Instructions for the task: Your task is to return, word for word, only the lines from the line with "L'acteur américain John" through the close of the data. Exclude all pictures.

Stored data:
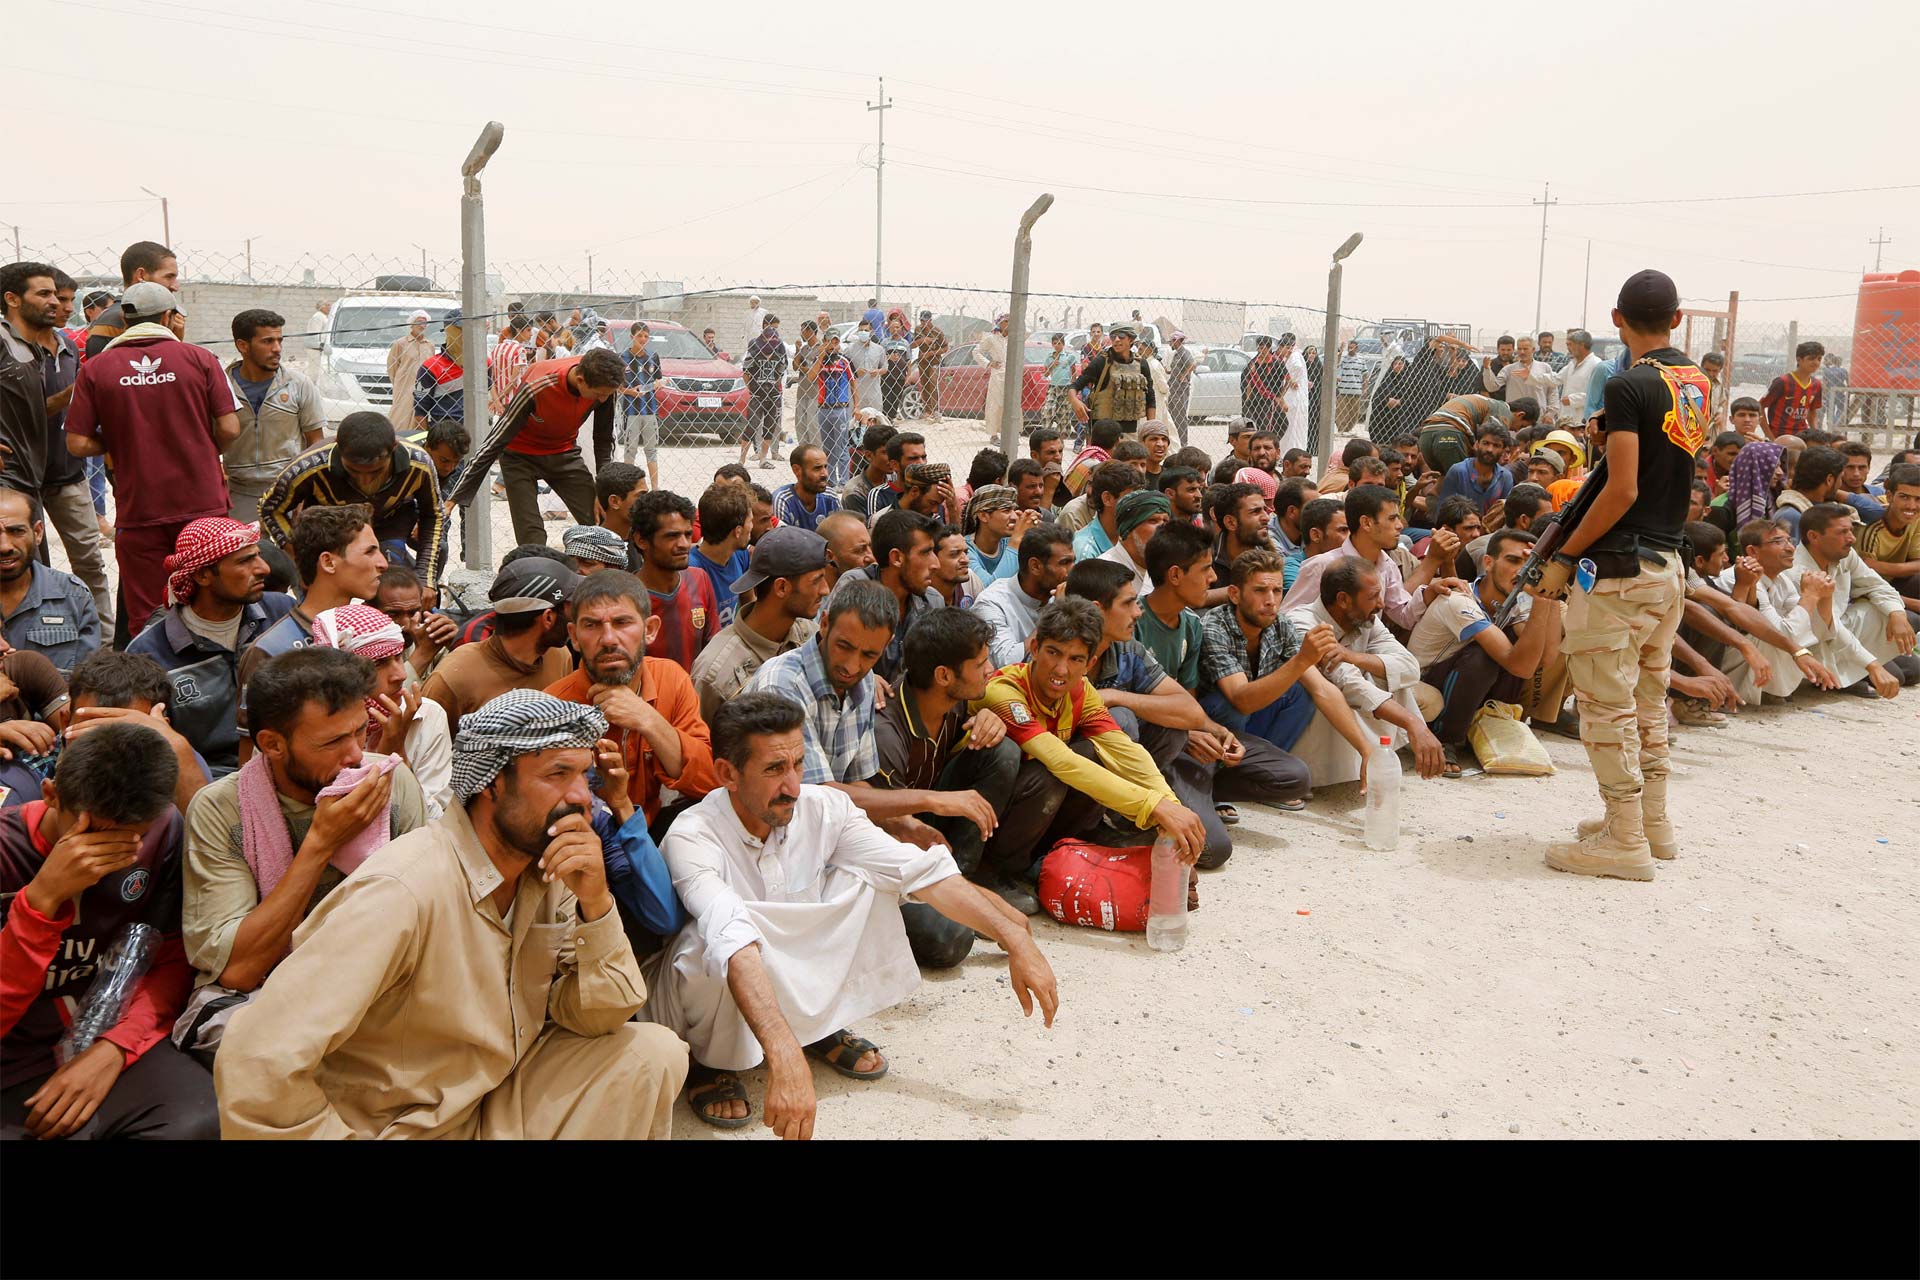 La agencia fronteriza estima que unas diez mil personas cruzarán, por semana, el Mediterráneo desde Libia
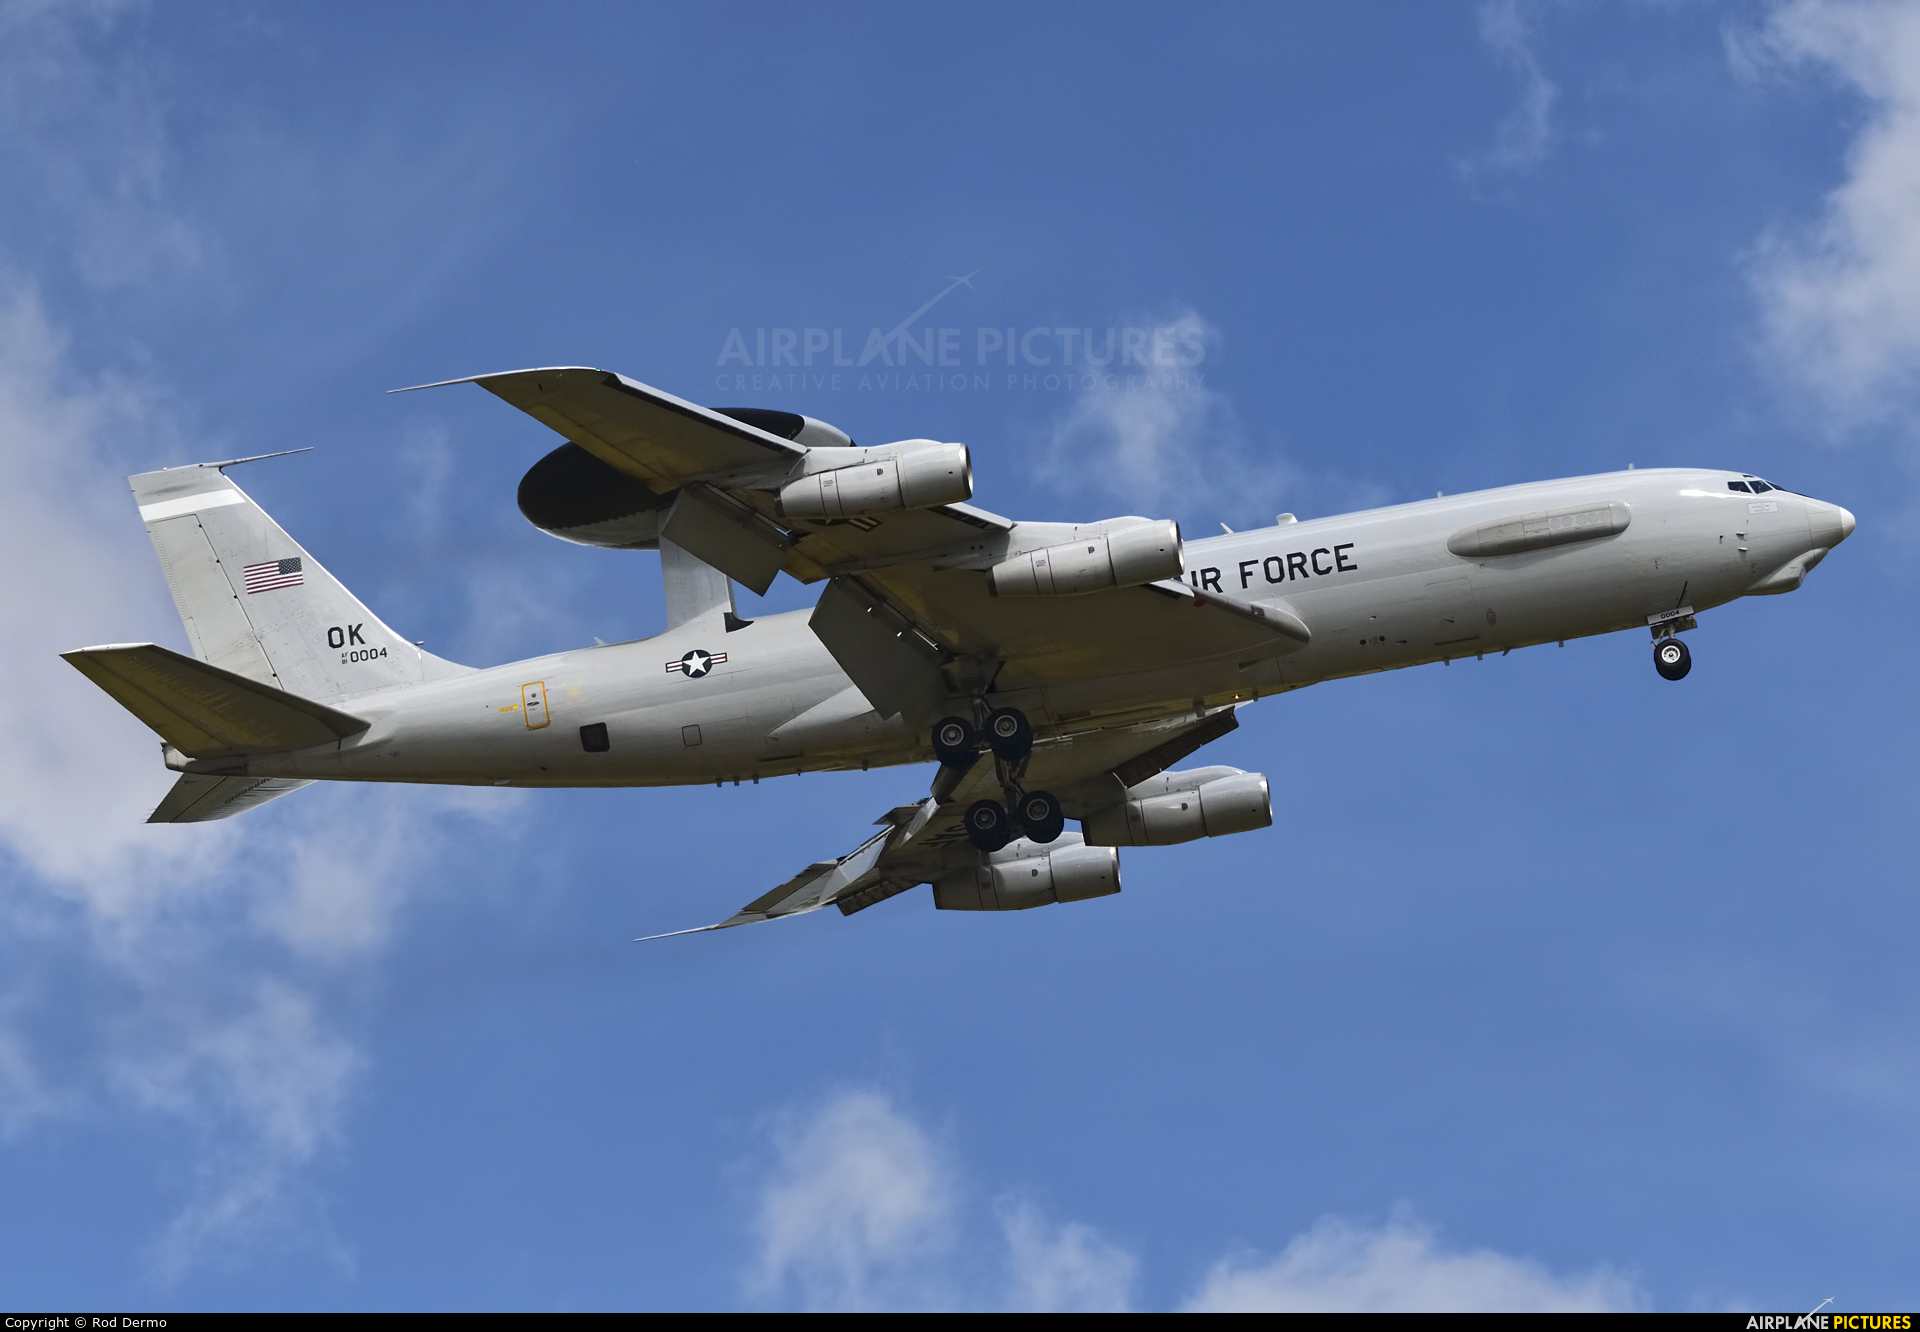 USA - Air Force 81-0004 aircraft at London  Intl, ON
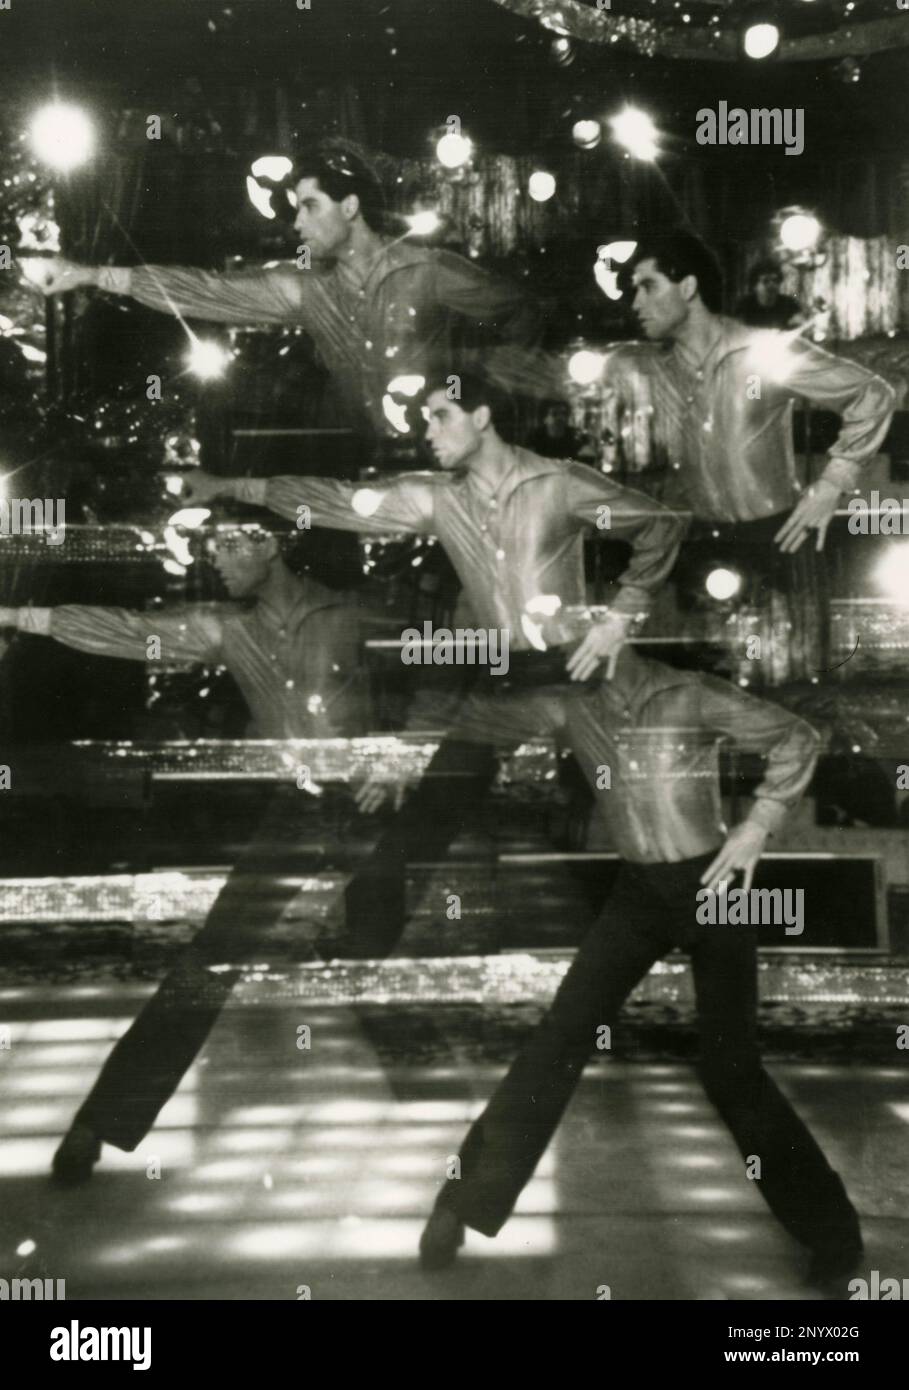 L'acteur américain John Travolta dans le film Saturday Night Fever, USA 1977 Banque D'Images
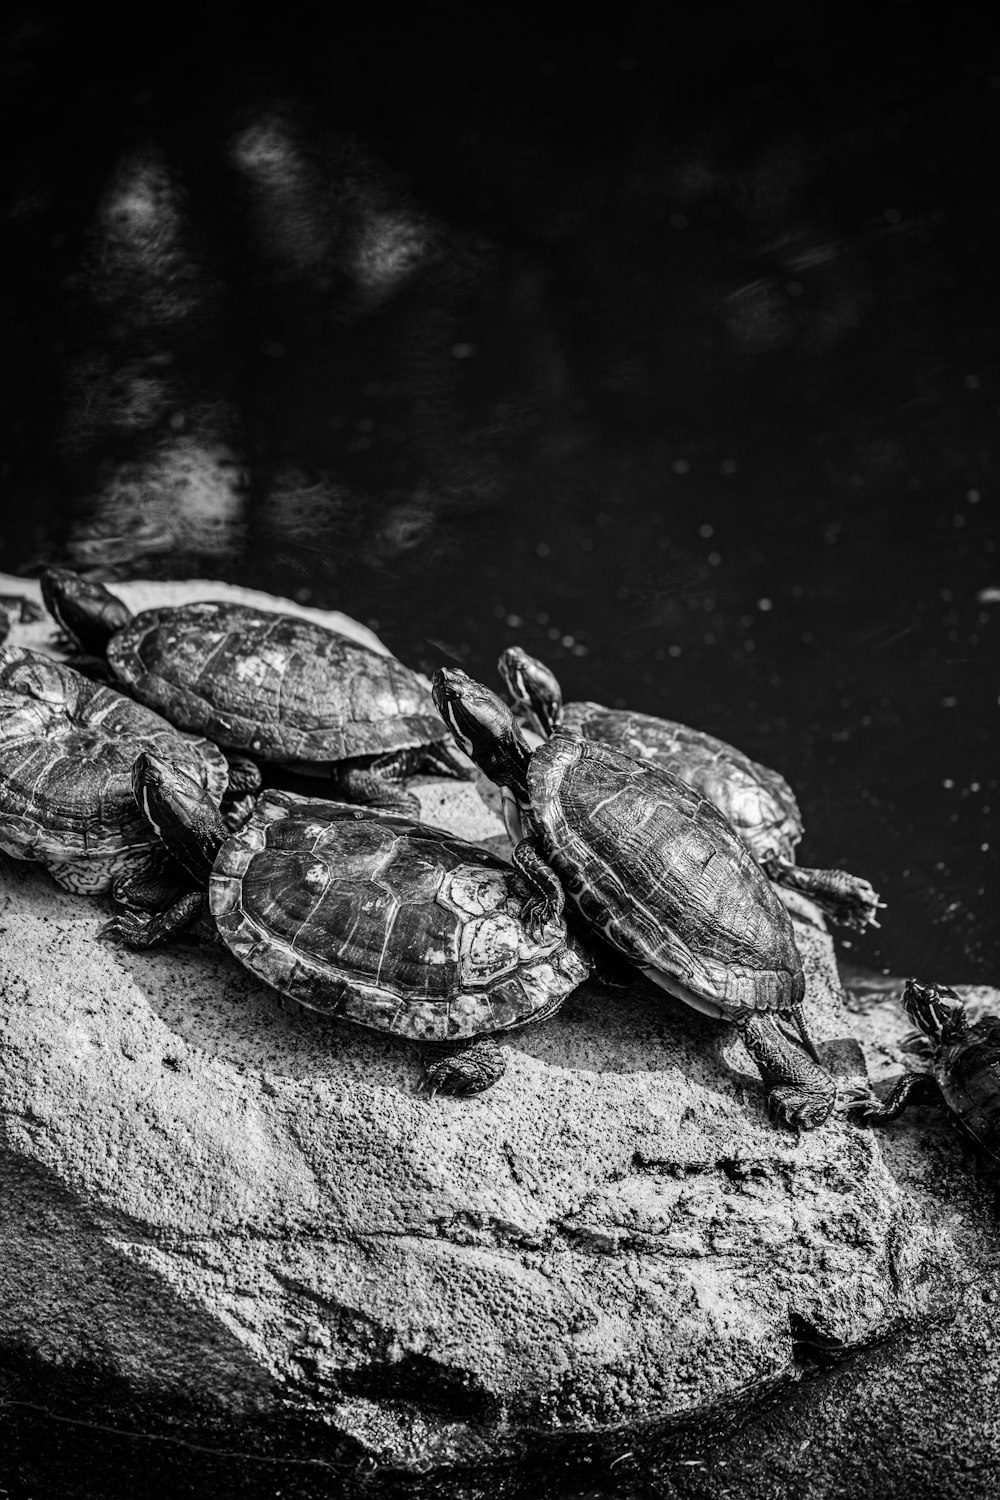 tartaruga na água na fotografia em tons de cinza

Output of the exercise:
 L'acteur américain John Travolta dans le film Saturday Night Fever, USA 1977 Banque D'Images
 tartaruga na água na fotografia em tons de cinza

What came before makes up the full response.